Consolidated results at 31.12.2012
14 March 2013 - 08:45 price sensitive
Consolidated results as of 31 December 2012 (*)
Operating result in excess of € 4.2 bln (+10.5%) and total premiums at € 70 bln (+3.2%)
Strengthened capital position, shareholders’ equity up to € 19.8 bln (+28%). Solvency I at 150% (117% FY11)
Net profit € 90 mln (€ 856 mln FY11) after € 1.7 bln of net impairments. € 1.3 bln impairments in 4Q due to the detailed asset review, the alignment of policy to international best practice and the Telco share
Dividend per share at € 0.20 maintained in line with 2011
The Generali Group CEO, Mario Greco, said: “2012 saw the start of a deep transformation of Generali, with today’s results marking a turning point in the evolution of our Group towards international best practice. We have recently outlined a new strategy, built on introducing discipline, simplicity and focus across all our activities. We are simplifying our structure and adopting a more disciplined approach to managing the Group and its investments, as we refocus on our insurance business.”
“The growth in our operating result - Greco added - demonstrates the quality of our underlying business. The progress we have made to date in improving our Solvency I ratio is evidence of the capital-strengthening plans we have already initiated and will continue to implement over the coming years. Maintaining a stable dividend is a testament to our continued commitment to providing appropriate returns for our shareholders, even at a time when we are focused on strengthening our capital position.”
Life segment: Operating result rises to € 2.7 bln (+9.7%), despite the challenging economic environment
- Gross premiums € 46.8 bln (+3.1%), driven by savings products (+5.8%)
- New business APE broadly stable at € 4.5 bln (-1.4%). Solid New Business Margin at 19.2%, despite interest rates remaining at low level.
P&C segment: Operating result € 1.7 bln (+5.6%), with strong improvement in the combined ratio at 95.7% (96.5% FY11) despite the Nat Cat impact of 1.4 p.p.
- Gross premiums rise to € 22.8 bln (+3.3%) with progress in all lines of business
- Operating result driven by technical result (+21.5%)
Financial segment: Operating result € 408 mln (+21.7%), with good performance by Banca Generali
Milan – At a meeting chaired by Gabriele Galateri di Genola, the Board of Directors of Assicurazioni Generali approved the consolidated financial statements and the parent company draft financial statements for 2012.
The Group closed 2012 with a strong growth in underlying performance, reporting a positive trend in premiums, reaching approximately € 70 billion (+3.2%), of which more than 70% came from outside Italy. The strong profitability, drove the total operating result to € 4,219 million (+10.5%), reflecting the solidity of the business, with a significant improvement across all lines of business.

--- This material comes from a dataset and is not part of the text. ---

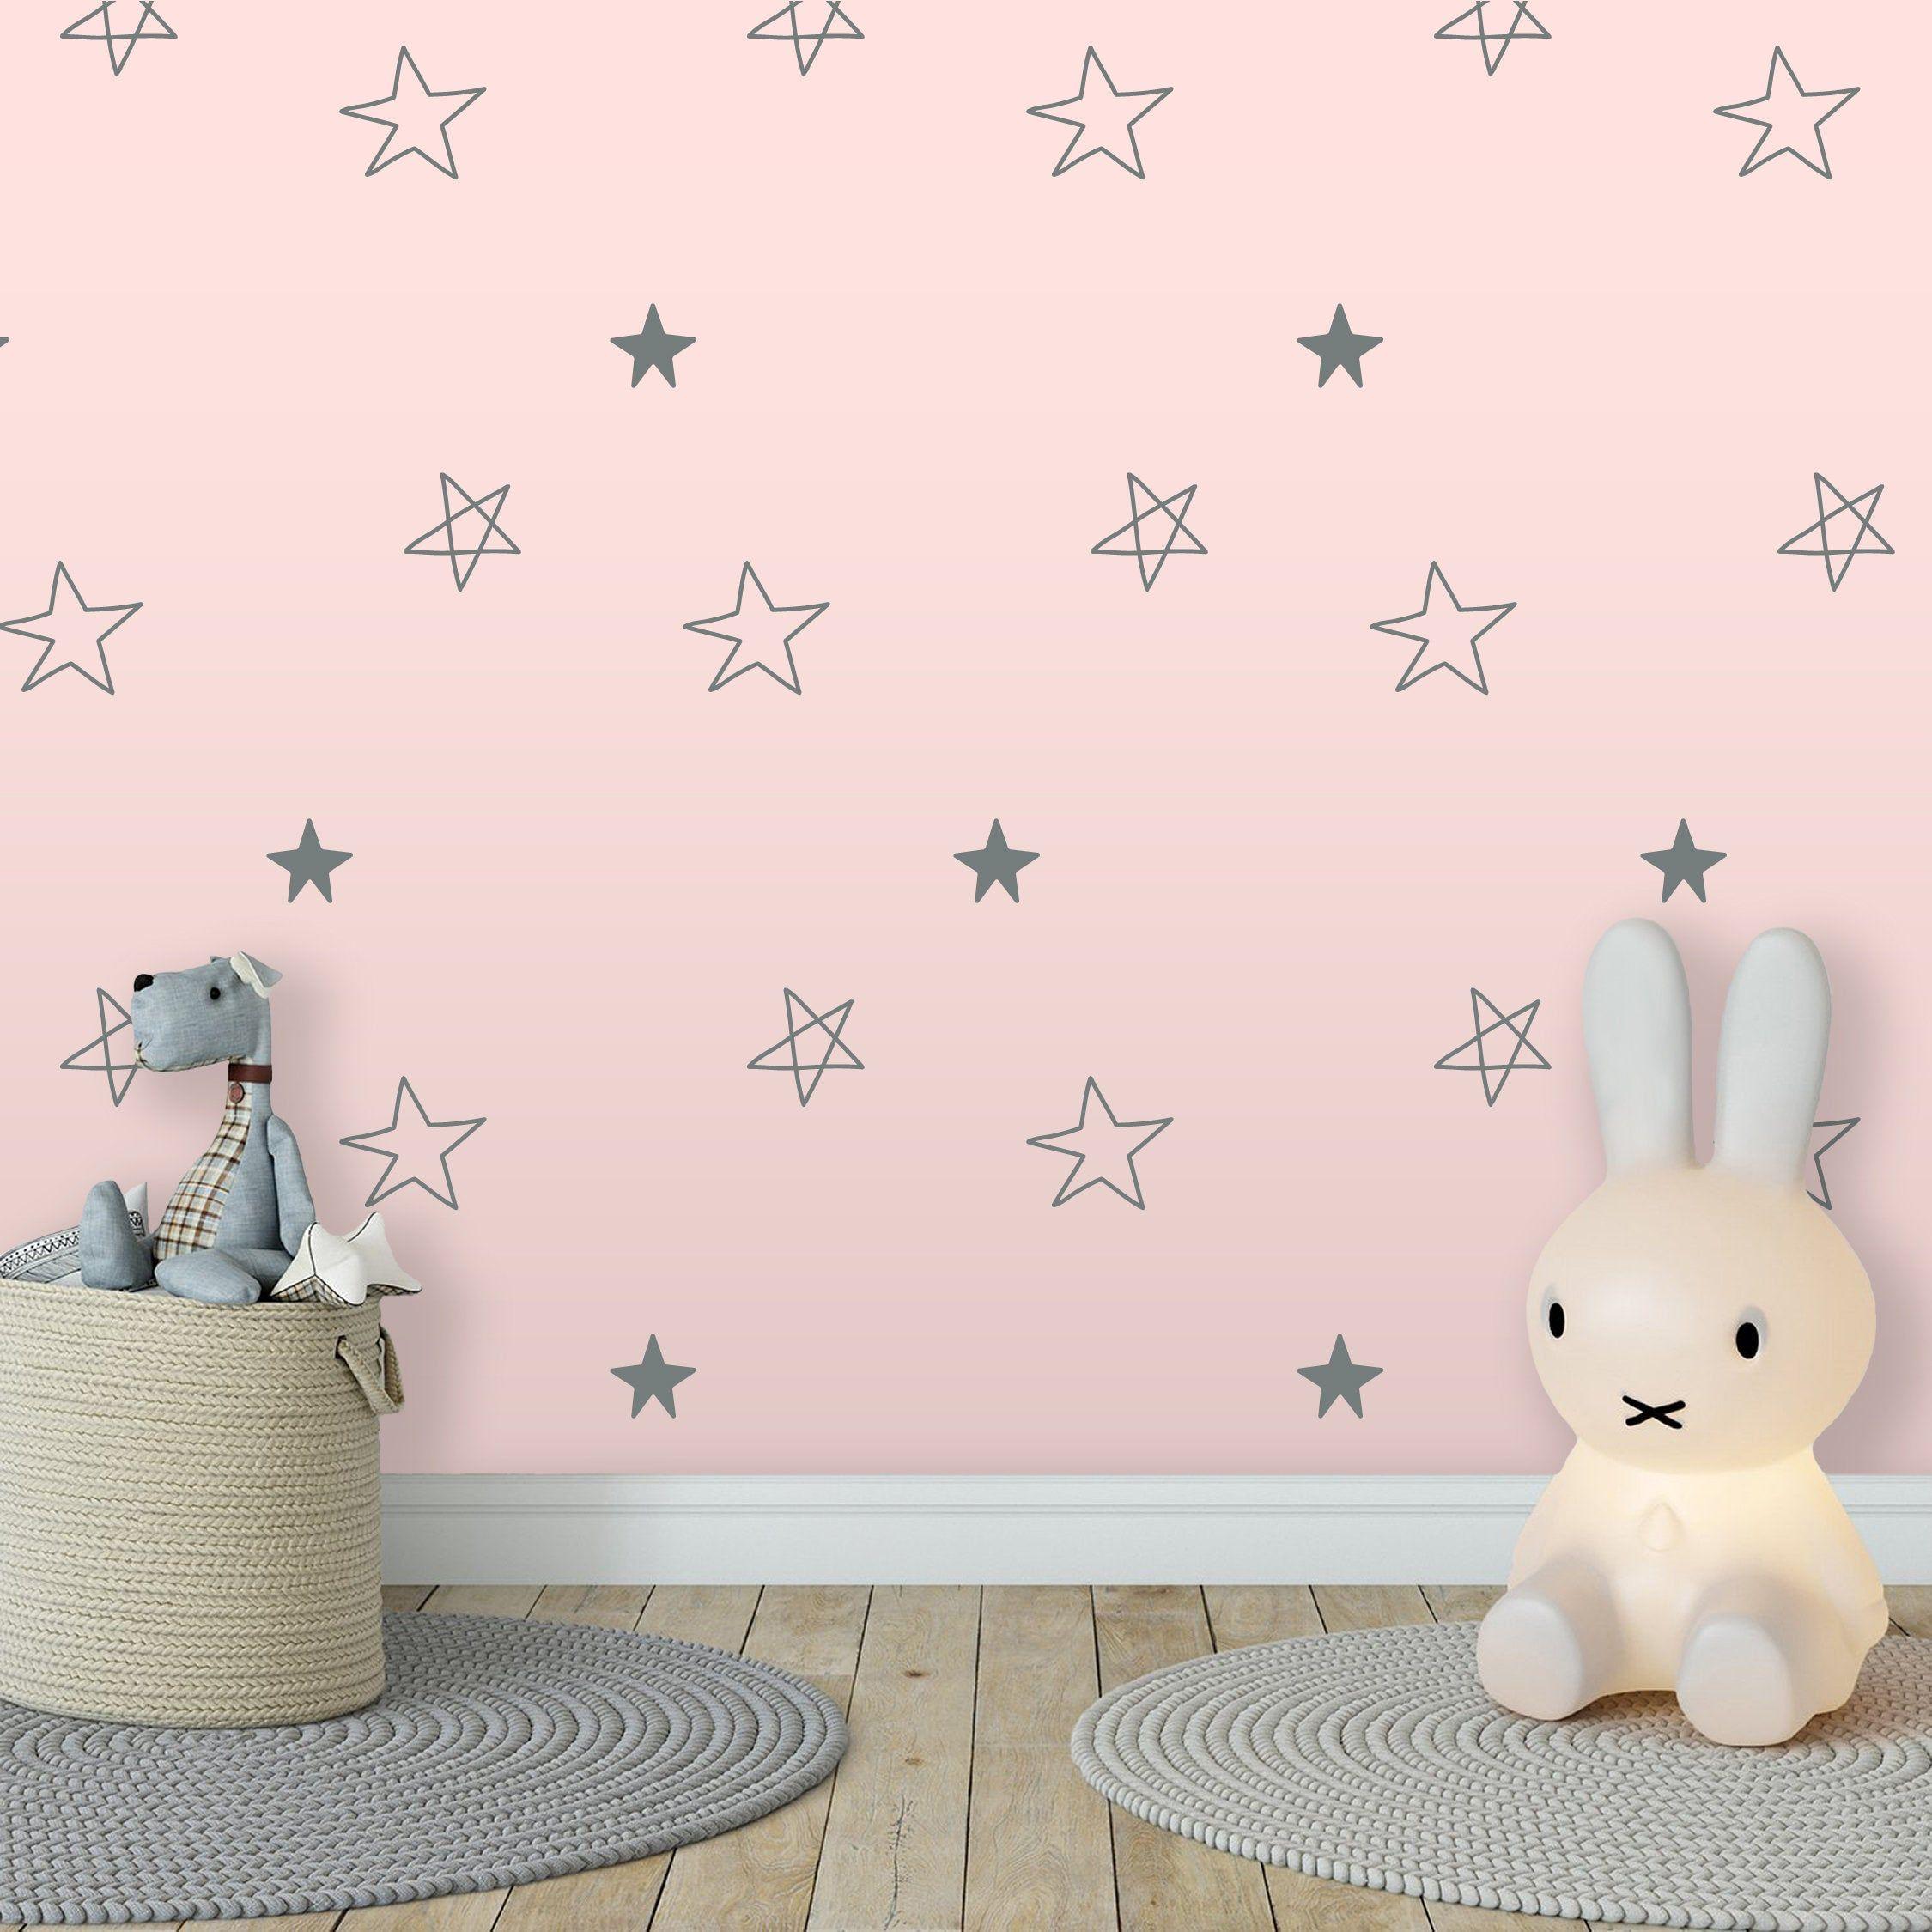 Star Drawing Pattern Decal Northern Star Wall Sticker Living Room Kid Room Nursery Bedroom Wallpaper Vinyl Wall Dec In 2020 Pattern Decal Vinyl Wall Decals Wall Decals #wall #art #stickers #for #living #room

In Life, despite the challenging financial environment, the operating result rose to € 2,658 million (+9.7%) benefitting from the initiatives taken by the Group to limit guarantees. The P&C operating result was € 1,664 million (+5.6%), with the combined ratio improving by 0.8 percentage points to 95.7%, the higher Nat Cat impact of 0.5 percentage points notwithstanding.
In addition to an excellent operating performance, the Group has significantly strengthened its capital position. Shareholders’ equity rose by 28% to € 19,828 million (€ 15,486 million FY11) due to capital gains on all the asset classes of the AFS reserve. The equity increase was positively reflected on the Solvency I ratio which rose to 150% (140% 9M12; 117% FY11) with a surplus of € 9 billion. The improvement in operating profitability of the Group boosted the operating Return on Equity2 to reach 11.9% (10.8% FY11).
Net profit, at € 90 million (€ 856 million FY11), was impacted by significant impairments of € 1,682 million, of which € 1,271 million arose in the fourth quarter. The impairments in the fourth quarter are attributable to the AFS securities for € 792 million, to the investment in Telco for € 148 million, to loans and receivables for € 118 million, to the real estate assets for € 56 million and to other assets for € 156 million.
Almost all impairments impact the non-operating result. The Solvency I ratio and the rating capital position were not materially impacted by these impairments as most of the relevant assets had previously been marked to market from a capital perspective.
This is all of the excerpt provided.